Искусство памяти и теория общих мест возникают после катастрофы. По легенде, изобрел их Симонид Кеосский, первый профессиональный поэт Древней Греции, писавший гимны по заказу богатых клиентов. Однажды Симонид был приглашен на банкет к фессальскому аристократу Скопасу12. Оскорбленный тем, что половина панегирика, сочиненного Симонидом, была посвящена не хозяину дома, а богам-близнецам Кастору и Поллуксу, Скопас пообещал Симониду половину причитающихся ему денег. Вскоре после «разборки» между богатым хозяином и поэтом пришла записка странного содержания. В ней было сказано, что Симонида ожидают двое молодых людей. Поэт вышел на улицу, и в этот момент крыша дворца Скопаса с грохотом обвалилась, задавив всех пирующих, включая хозяина. После несчастного случая родственники умерших, искаженных до неузнаваемости, обратились за помощью к Симониду, и поэт сумел опознать каждое тело, вспомнив расположение гостей за столом во время банкета. Место расположения (топос) связалось с именем умершего, и Симонид пришел к заключению, что для тренировки памяти, необходимой ораторам и поэтам, полезно «хранить» образы и цитаты в определенных знакомых местах и, прогуливаясь по знакомым местам, запоминать речи и стихи. Так на руинах дома Скопаса родилось искусство памяти.

Получается, что эта легенда отнюдь не о том, что не стоит богатым обижать поэтов, и даже не о том, что поэт должен служить кумирам небесным, а не земным. Скорее это притча о пользе памяти и о том, что никто не знает, когда произойдет катастрофа, угрожающая долгим забвением.

Понятие «общее место» – topos, lieu commun – относится одновременно к организации пространства и к организации речи, к топографии и к риторике. Оно деградировало на протяжении истории, превратившись из благородного греческого топоса в обыкновенное клише. Изначально «общее место» было частью греческой мнемотики – искусства памяти. Мнемотика, или техника искусственной памяти, – это знаковая связь места с культурой. Ораторам и поэтам рекомендовали условно закрепить за знакомыми местами (koinos topos) и повседневными прогулочными маршрутами памятные образы. Один из немногих дошедших до нас римских трактатов о мнемотике «Ad Herennium» рассказывает исключительно об искусстве памяти, однако в герметической традиции koinos topos намекали также на оккультную топографию древнего Театра памяти и космологический строй вселенной, познать который можно посредством многолетнего философского поиска и многочисленных мнемотических прогулок. В современной социологической литературе Морис Хальбвакс воскресил некоторые идеи греческой мнемотики, связав коллективную память с местом. Хальбвакса интересует не «дух места», не почва и не дух нации, а скорее общие топографические рамки памяти, на которые каждый мог спроецировать свои собственные мечты и жалобы.

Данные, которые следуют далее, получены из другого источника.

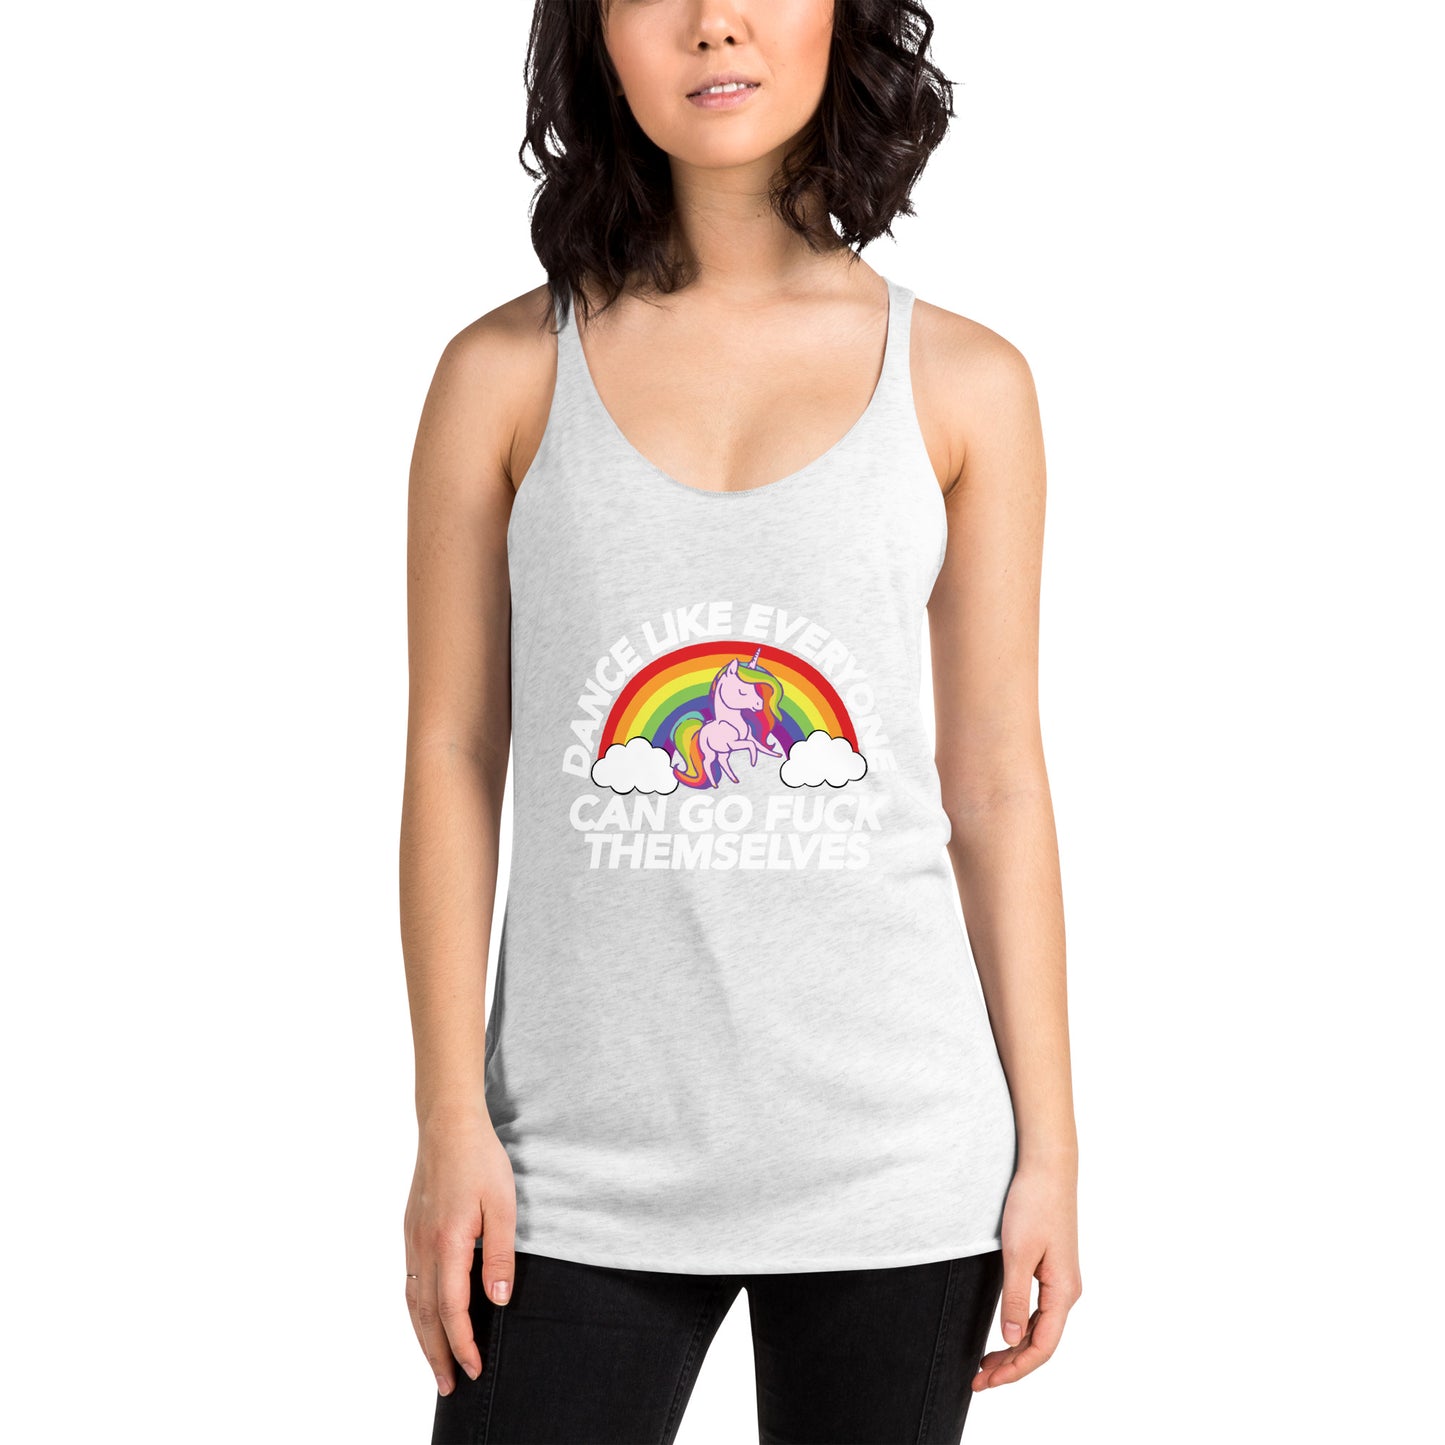 Dance Like Everyone Can Go F**k Themselves - Women's Racerback Tank

В сочинениях Аристотеля общие места рассматриваются как риторические приемы и аргументы, используемые умелым оратором или политиком. В риторических трактатах эпохи Возрождения забытые классические общие места вновь открыты в качестве воспоминания об античности. Они рассматриваются как обязательные элементы ученого, возвышенного стиля. «Общее место» обозначает цитаты древней мудрости. Общие места обыкновенно брались в кавычки, хотя указание авторства и сноска чаще всего отсутствовали. Кавычки – две отделенные головы – не всегда являлись знаками оригинальности и индивидуального авторства, они скорее «обезглавливали» индивидуального автора, или, согласно другой точке зрения, они подтверждали его истинную причастность к книге мировой культуры. В XVI веке усидчивые молодые люди должны были собирать изречения мудрецов и записывать их в книжки, в XVIII веке молодые дамы дорожили своими «книжками общих мест», в которых вкладывались засушенные цветы и надушенные письма от «милых друзей».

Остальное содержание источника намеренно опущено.